Monday 26th July 2010

Given recent tentative steps toward recovery in the global economy following the worst slowdown for 70 years, it is clear that the focus in many countries has turned from stimulus measures to austerity programmes.

Jersey, whilst showing commendable resilience, could not expect to chart its way through such stormy economic waters with out some impact, and all sectors of the economy have felt the effects of the slowdown, which will in time reduce government revenues.
As with most countries this has prompted a slew of reviews in Jersey with the Comprehensive Spending Review (CSR), Business Taxation Review (BTR) and the curiously named Fiscal Strategy Review (FSR), which is in reality a review of personal taxation and indirect taxes.
Following comment from a number of Jersey Finance members it has been suggested that a dissemination of views and feedback received to date would be helpful in terms of contributing to the debates which naturally arise. With the benefit of advice and views from trade associations and other members I am therefore going to comment on each of these reviews in turn over the next few weeks with particular reference to the potential impact on the Finance Industry and de facto the Jersey economy. I begin this series with comment on the Comprehensive Spending Review.
D is for deficit
Current Treasury estimates are that Jersey is heading toward a £100m deficit and it is  proposed that this is dealt with through £50m of cuts and £50m in increased taxes.  The latter appear to be subject to consultation but not the former.  This is putting the proverbial cart before the horse, as the balance achieved between spending cuts on the one hand and tax increases on the other must ensure the imperative of a competitive and sustainable economy. If this balance is not achieved taxation measures become a tax on jobs, the tax base reduces and the increased tax rates result in less, not more tax being collected.
 C is for Consolidation
The UK Coalition government has recognised the importance of a balanced and competitive economy with a broadly 80:20 approach in favour of cuts, with the goal of reducing government spending to more sustainable levels. This core strategy is complemented by a blend of tax increases (VAT to 20%) and tax reductions (Corporation tax to fall to 24%) in order to increase revenues and grow jobs, by making business more competitive.
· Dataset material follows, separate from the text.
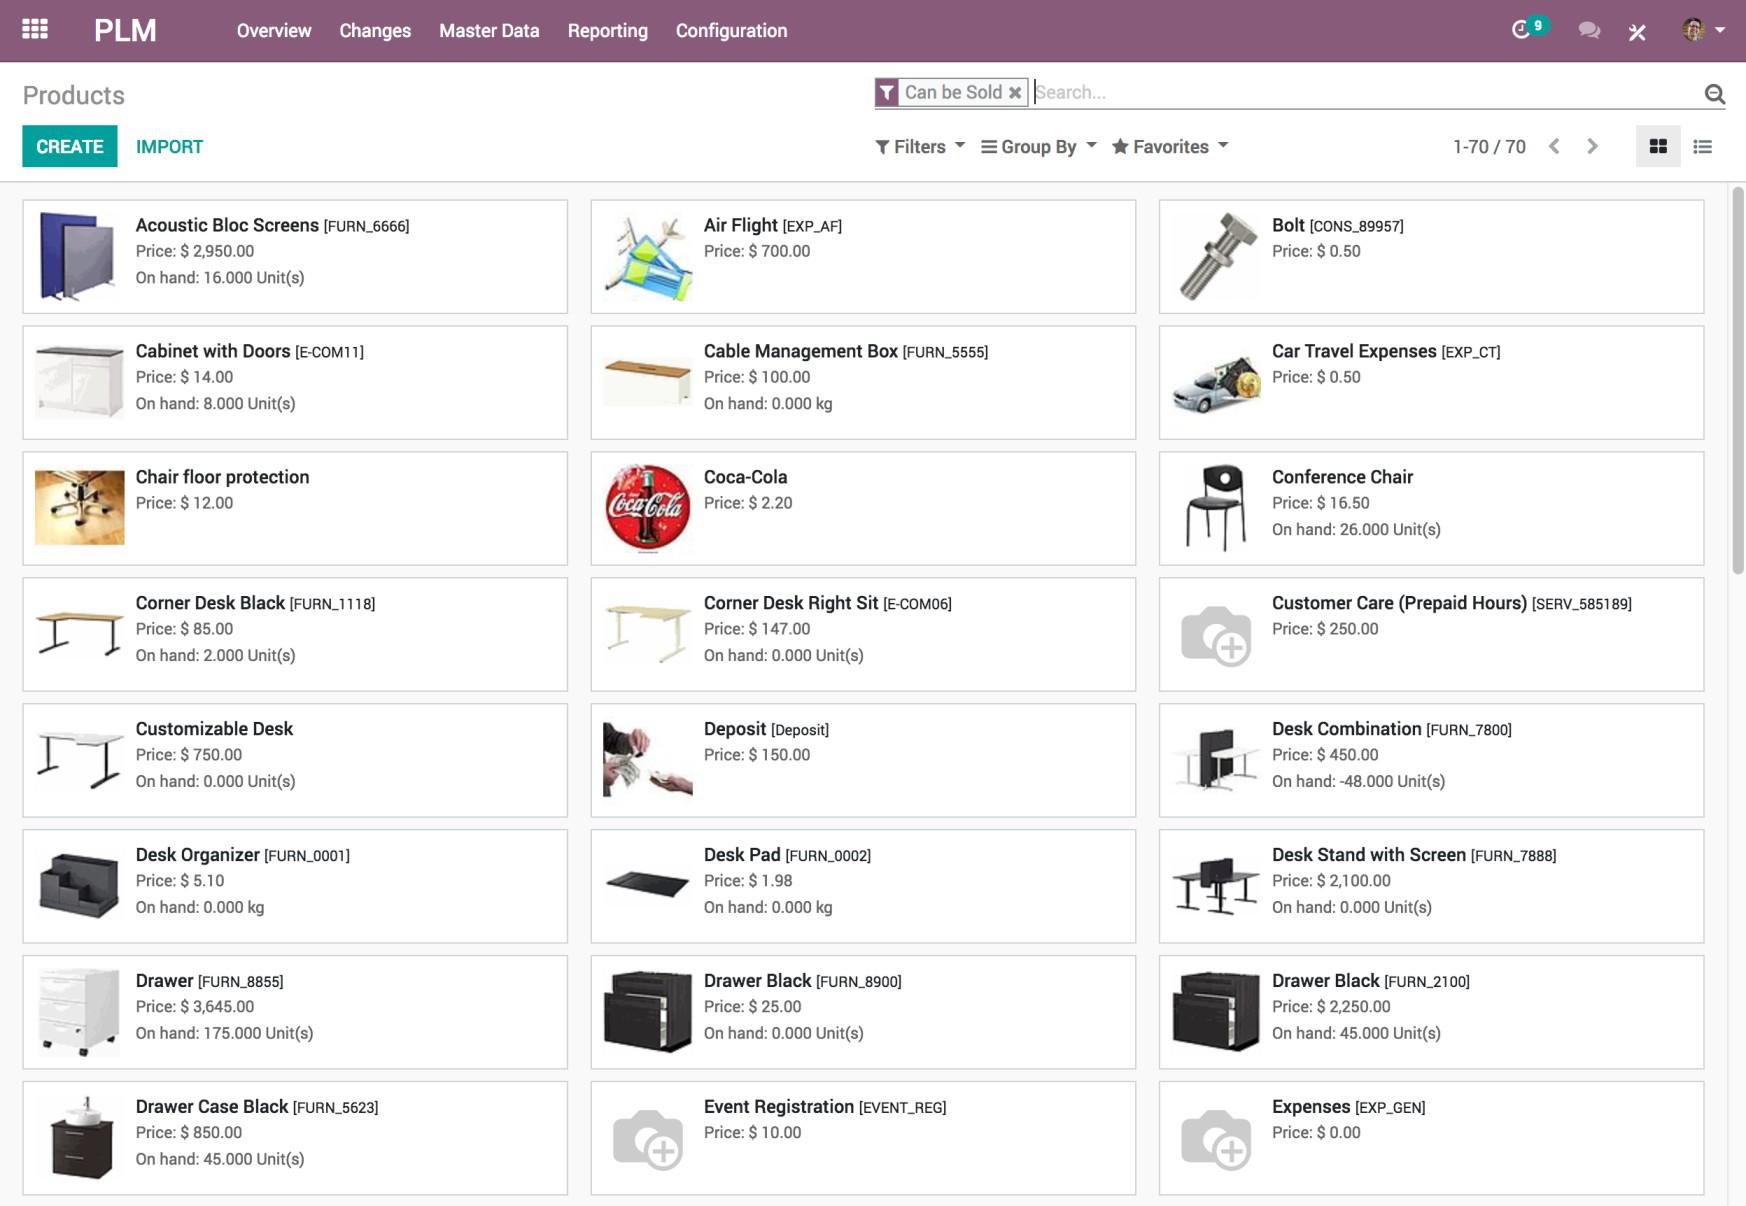 Odoo Manufacturing - Odoo PLM - Products

Other countries such as Canada, Sweden, Australia, and Ireland have all faced similar challenges and a number have used the opportunity to redesign public services in order to deliver higher outcomes at lower costs.
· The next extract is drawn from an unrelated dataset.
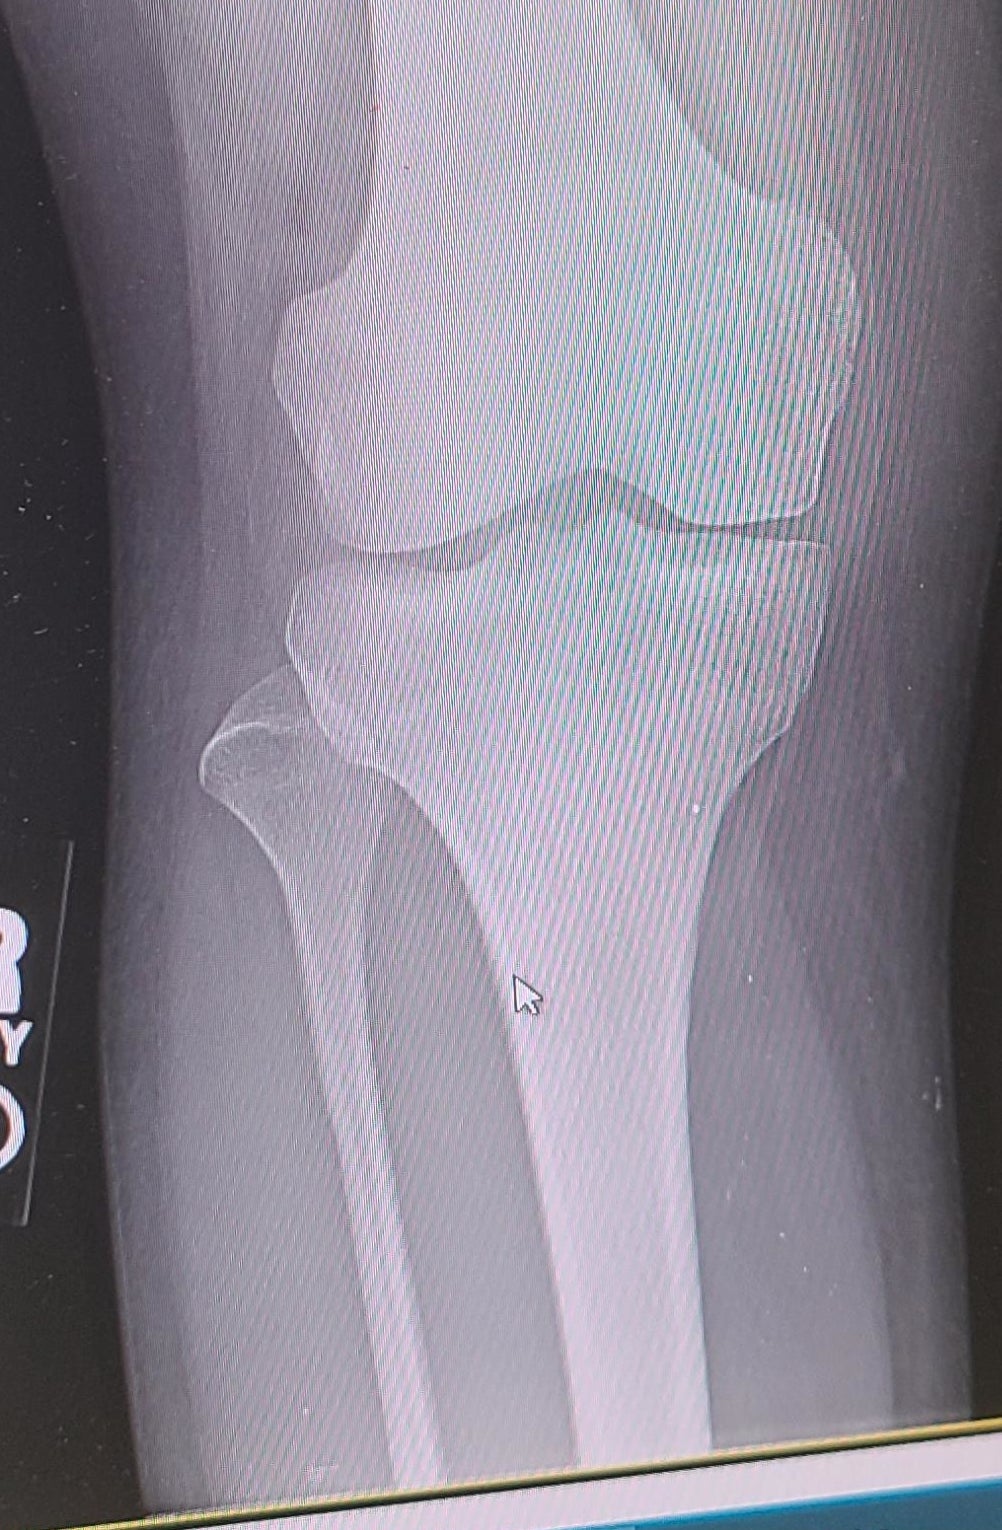 X-ray of a human knee joint with cursor arrow pointing to the area between femur and tibia

Jersey too is now looking at an austerity package but perspective is important and clearly, with no government debt, no recourse to borrowing and without the (undesirable) option of printing money, the Jersey Government deserves great credit for putting some funds by in the good times and the introduction of a range of fiscal stimulus measures.
S is for Spending
However, a closer examination of spending patterns does not speak well of the States track record in controlling expenditure, managing costs nor in achieving reductions in spending, as the rising States net revenue expenditure graph indicates.
Net Revenue Expenditure Graph
In a report entitled ‘Setting the Scene’ dated January 2008 the Jersey Comptroller and Auditor General notes:-
“As far as increases in expenditure are concerned, in all but one of the past ten years, [1]GGE* has increased by more than the annual increase in the Retail prices Index (RPI).”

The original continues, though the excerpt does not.